Sermon for Trinity Sunday – 12th June 2022: PROVERBS 8:1- 4,22-31, ROMANS 5:1-5, JOHN 16:12-15.
Deacon Christine Saccali – St Paul’s Athens
Endless Dance
May I speak in the name of the Triune God Father, Son and Holy Spirit.
Today is Trinity Sunday. In many churches preaching on the Trinity is deemed to be drawing the short straw! Not so here today, I volunteered for this. Explaining how God is both three and one is philosophically complex; all examples and analogies such as three petalled flowers with one stem may be helpful but are ultimately misleading. I know of a few sermons leading on the ma’armalade sandwich explanation following on from the Queen and Paddington Jubilee tea sketch.

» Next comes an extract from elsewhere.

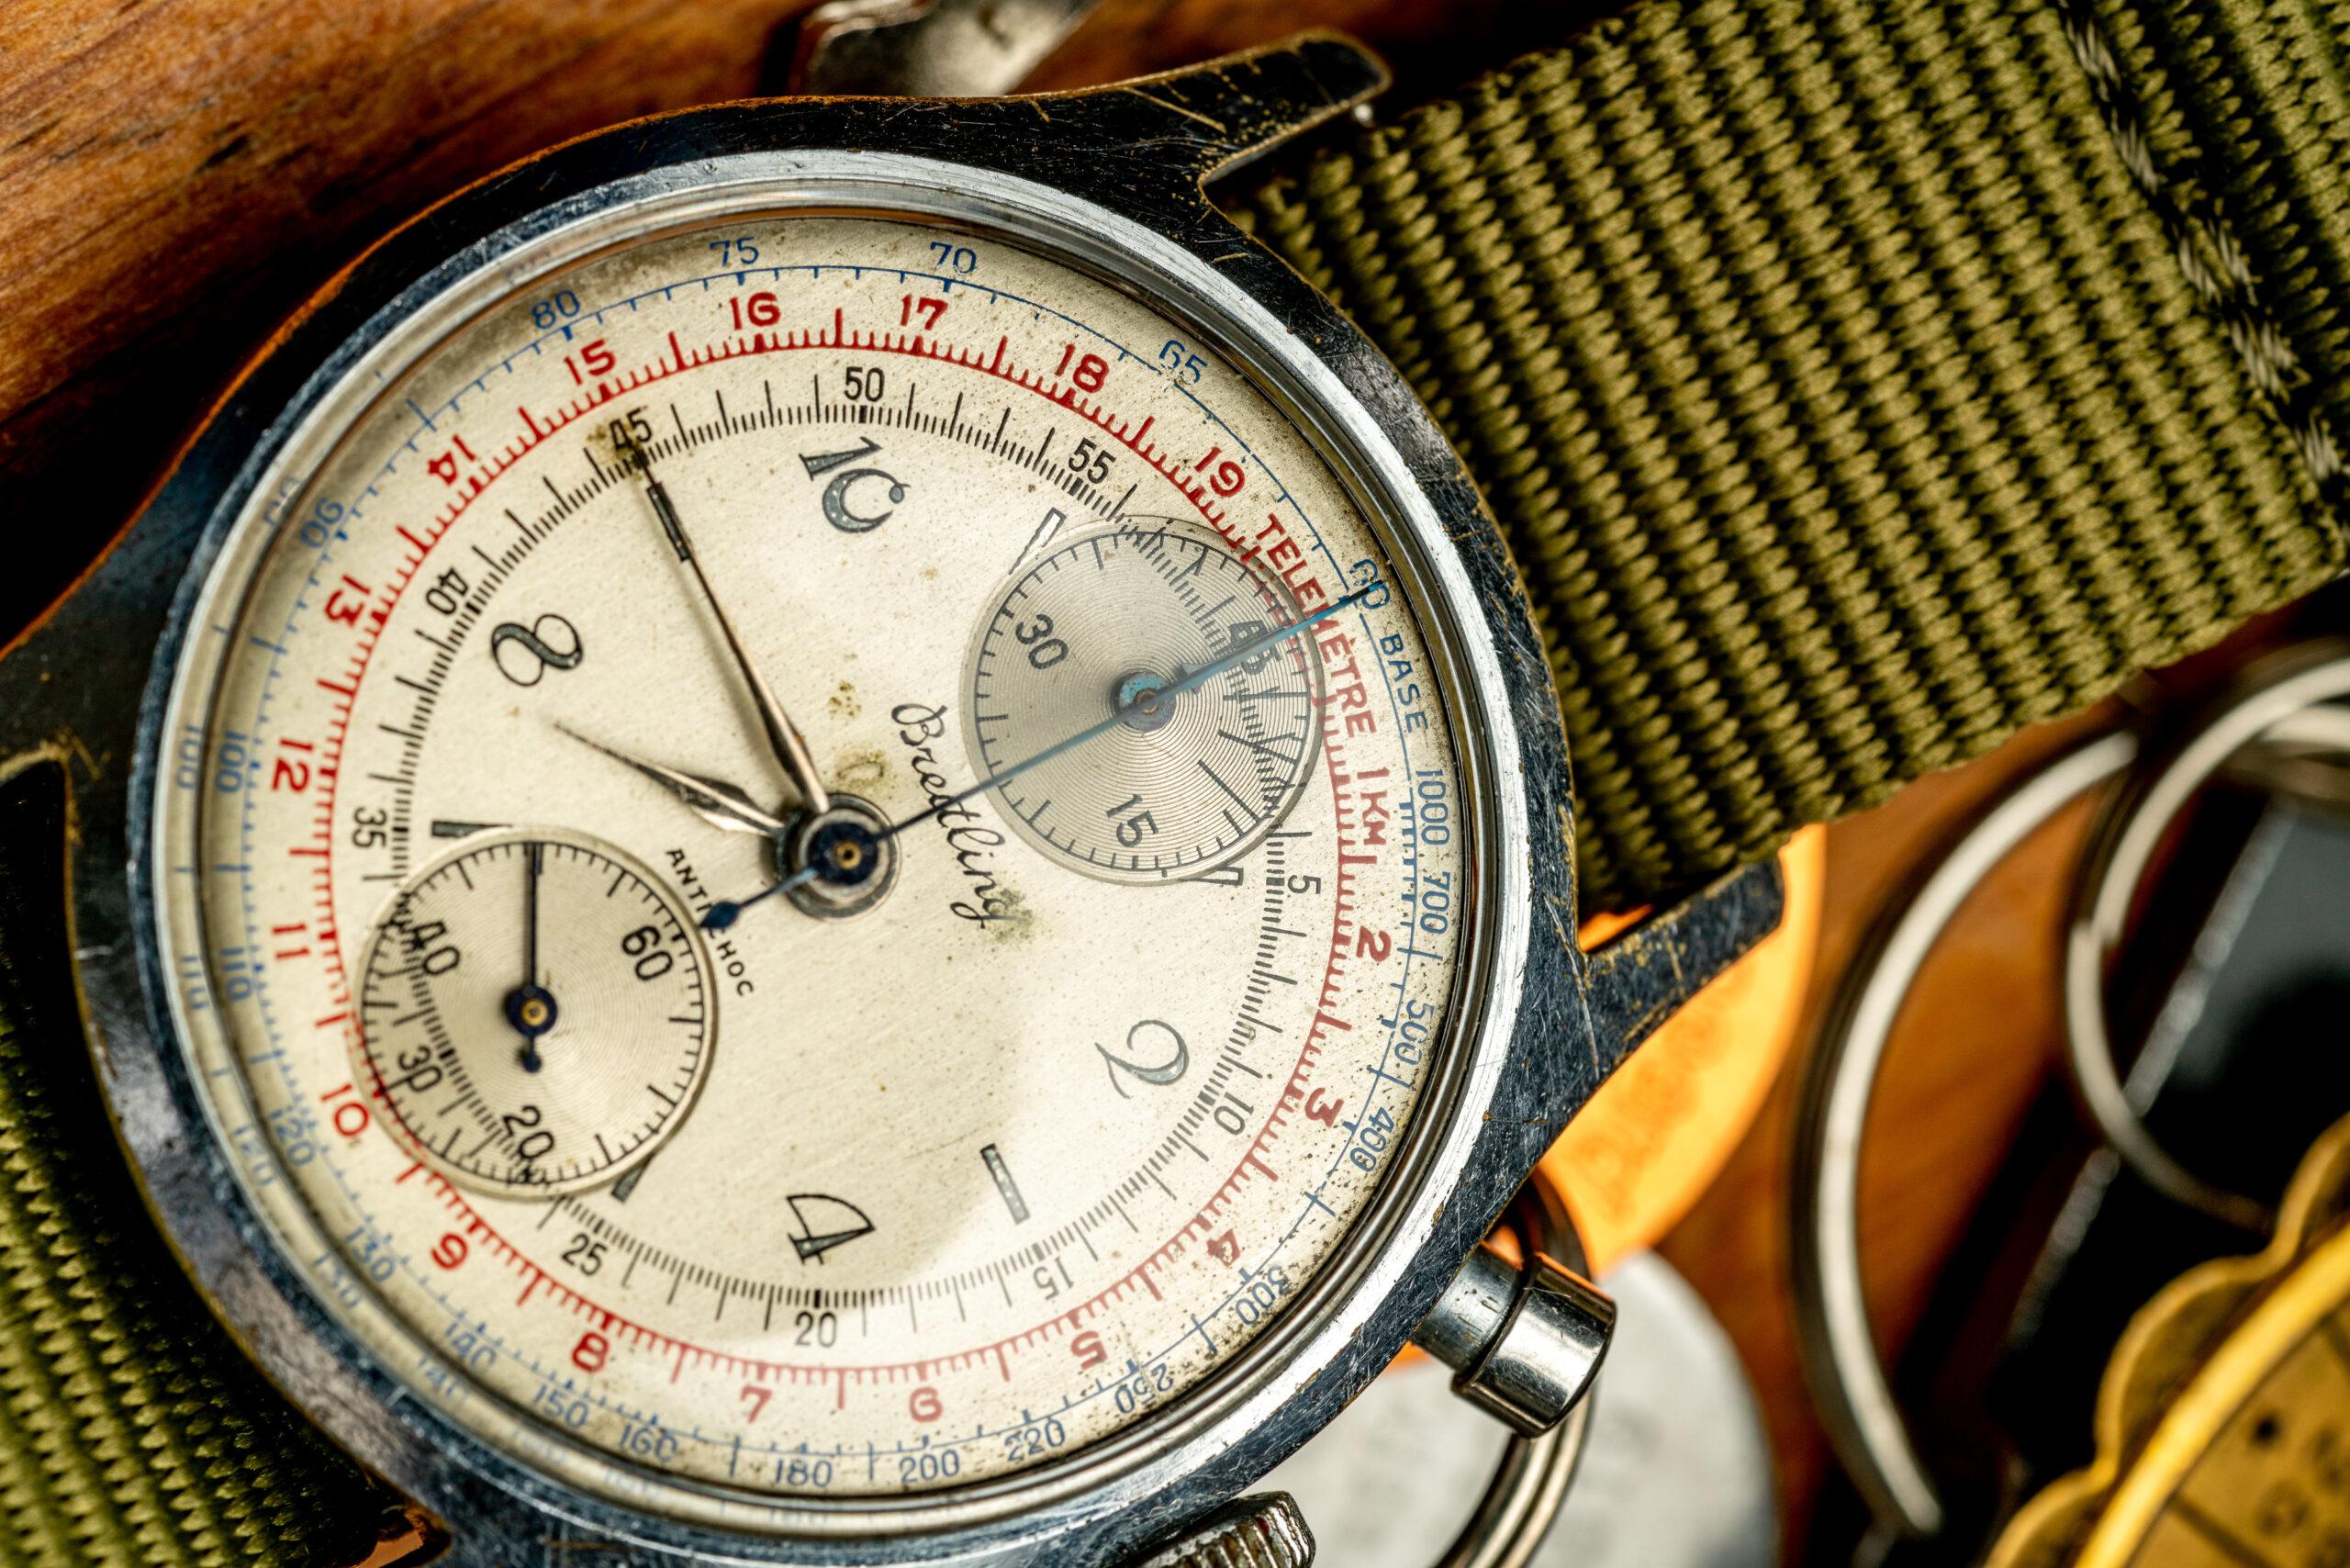 vintage breitling chronograaf verchroomd tachymeter horloge wijzerplaat

The great second century theologian Bishop Irenaeus taught his congregation that the Trinity is like two hands operated by the mind. Each are distinct in themselves but each cannot operate without each other. This sounds promising – it is much better than three petalled flowers because it conveys something of the way God operates in the world and in our lives, just as we operate in the world. But in the end this analogy fails too. What about the one handed person? And come to think about it, does the mind need hands and body to operate ?
So, today we are not going to try to solve the problem of exactly how God as Trinity can be three in one, but we can together reflect on why the idea of the Trinity, while not explicitly mentioned in Scripture is absolutely crucial for our understanding of God, our relationship with the divine and others and why it is simultaneously both mysterious, joyous and Good News.